The Board of Directors' meeting of July 26, 2023 adopted and authorized the publication of Safran's consolidated financial statements and adjusted income statement for the six-month period ended June 30, 2023.

CONSOLIDATED INCOME STATEMENT

(in € millions) Note First-half 2022 First-half2023
Revenue 6 8,675 11,129
Other income 7 210 226
Income from operations 8,885 11,355
Change in inventories of finished goods and work-in-progress 830 707
Capitalized production 169 214
Raw materials and consumables used 7 (5,242) (6,706)
Personnel costs 7 (2,871) (3,367)
Taxes (160) (173)
Depreciation, amortization and increase in provisions, net of use 7 (622) (609)
Asset impairment 7 (90) (104)
Other recurring operating income and expenses 7 53 40
Share in profit from joint ventures 16 16 49
Recurring operating income 968 1,406
Other non-recurring operating income and expenses 7 (92) (57)
Profit from operations 876 1,349
Cost of net debt (38) 42
Foreign exchange gain (loss) (5,828) 1,123
Other financial income and expense (40) -
Financial income (loss) 8 (5,906) 1,165
Profit (loss) before tax (5,030) 2,514
Income tax benefit (expense) 9 1,283 (609)
PROFIT (LOSS) FOR THE PERIOD (3,747) 1,905
Attributable to:
◼ owners of the parent (3,762) 1,863
◼ non-controlling interests 15 42
Earnings per share attributable to owners of the parent (in €) 10
Basic earnings (loss) per share (8.81) 4.43
Diluted earnings (loss) per share (8.81) 4.29

CONSOLIDATED STATEMENT OF COMPREHENSIVE INCOME

(in € millions) Note First-half 2022 First-half2023
Profit (loss) for the period (3,747) 1,905
OTHER COMPREHENSIVE INCOME
Items to be reclassified to profit 541 (76)
Translation adjustments 479 (57)
Remeasurement of hedging instruments 13 (8)
Income tax related to components of other comprehensive income
to be reclassified to profit
(5) 2
Share in other comprehensive income (expense) of equity-accounted
companies to be reclassified to profit (net of tax)
16 54 (13)
Items not to be reclassified to profit 199 15
Actuarial gains and losses on post-employment benefits 214 19
Income tax related to components of other comprehensive income
not to be reclassified to profit
(54) (5)
Share in other comprehensive income of equity-accounted companies
not to be reclassified to profit (net of tax)
39 1
Other comprehensive income (expense) for the period 740 (61)
TOTAL COMPREHENSIVE INCOME (EXPENSE) FOR THE PERIOD (3,007) 1,844
Attributable to:
◼ owners of the parent (3,031) 1,802
◼ non-controlling interests 24 42

In first-half 2023, other comprehensive income relating to translation adjustments includes:

  • ◼ €52 million in translation losses (€477 million in translation gains in first-half 2022) arising in the period on foreign operations;
  • ◼ €5 million in translation losses (€2 million in translation gains in first-half 2022) arising in the period on long-term financing granted to foreign subsidiaries. This financing meets the criteria for classification as a net investment in a foreign operation, and is treated in accordance with the applicable provisions of IAS 21.

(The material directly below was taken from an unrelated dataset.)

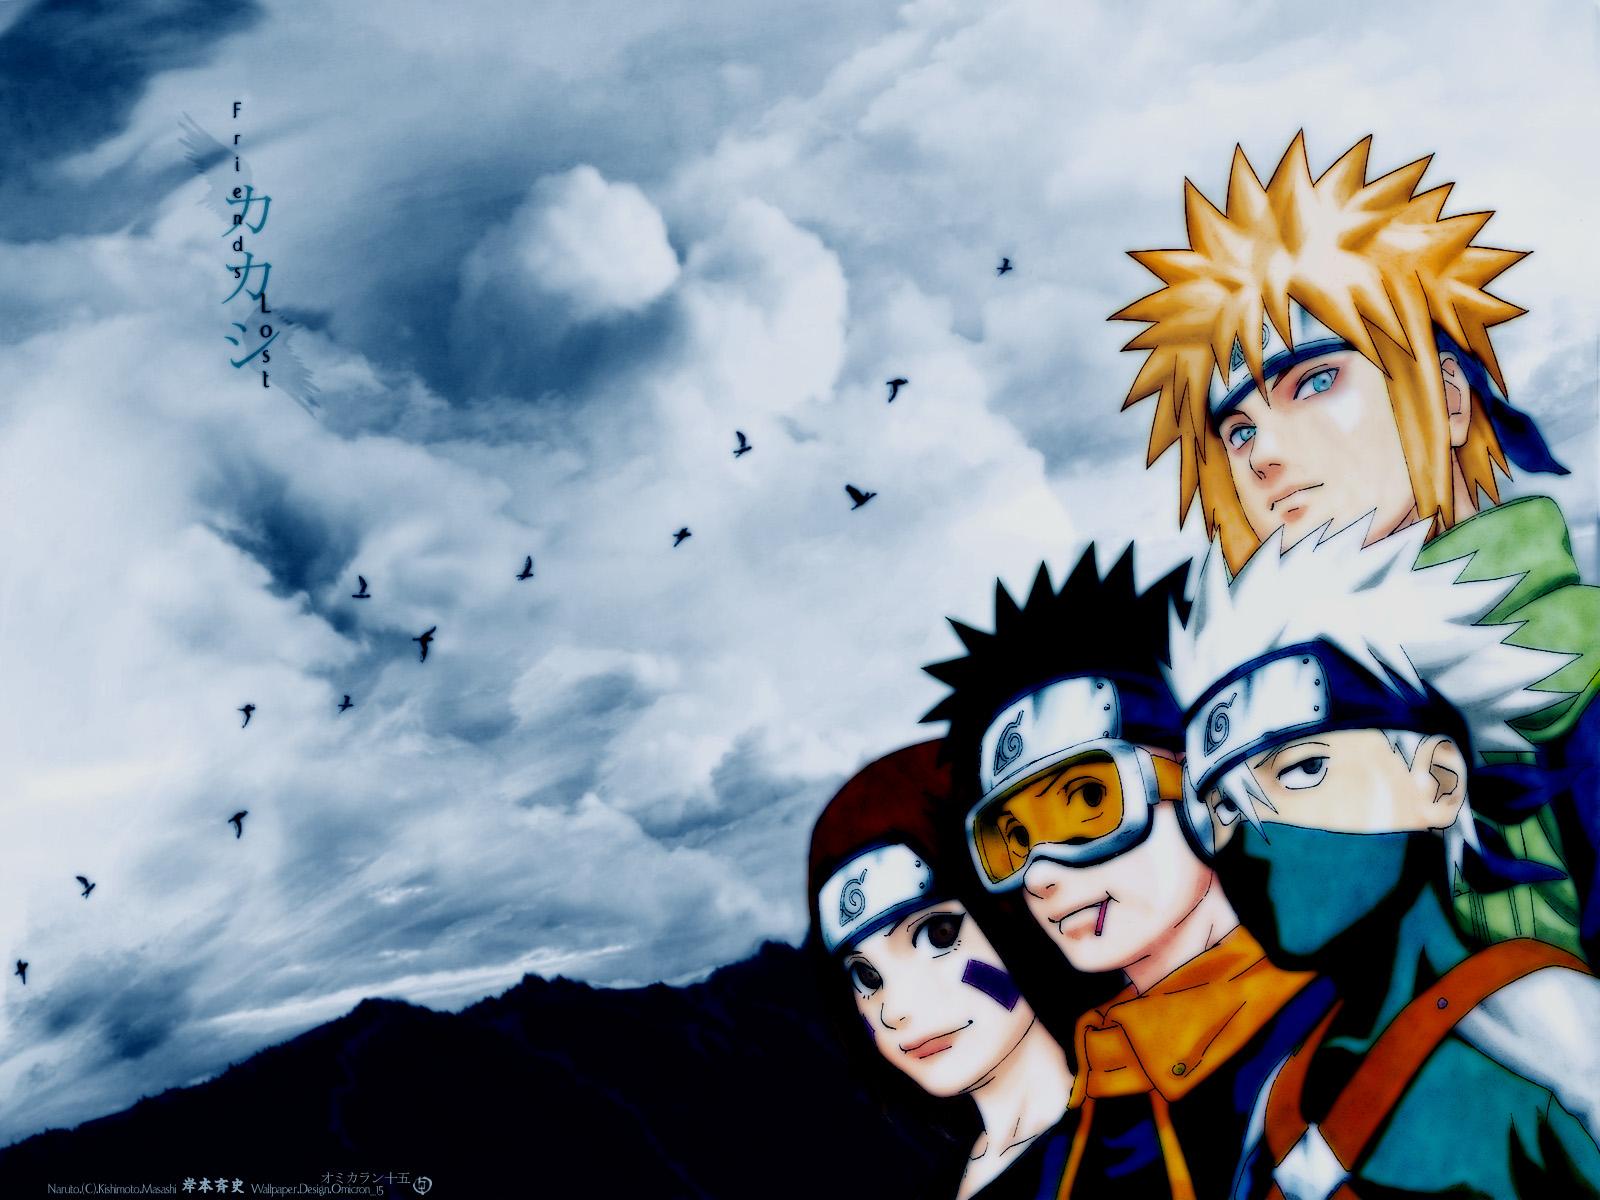 Naruto Shippuden HQ Wallpapers   Fondos de Pantalla HD Naruto 1600x1200

In first-half 2023, other comprehensive income resulting from the remeasurement of hedging instruments includes negative fair value adjustments totaling €8 million (positive fair value adjustments of €13 million in first-half 2022) relating to cash flow hedges of interest payments on senior unsecured notes (i) as of the end of first-quarter 2019 and (ii) as of July 2020. The outstanding balance of the ongoing cash flow hedging reserve is a positive €15 million (see the consolidated statement of changes in shareholders' equity).

Other comprehensive income relating to equity-accounted companies (net of tax) includes (see Note 16, "Investments in equity-accounted companies"):

  • ◼ €13 million in foreign exchange losses arising in the period on foreign joint ventures (€54 million in foreign exchange gains in first-half 2022);
  • ◼ €1 million in actuarial gains on pension and similar obligations of joint ventures (€39 million in actuarial gains in first-half 2022).

In accordance with the amended IAS 19, changes in actuarial gains and losses are shown in "Other comprehensive income" and are not subsequently reclassified to profit.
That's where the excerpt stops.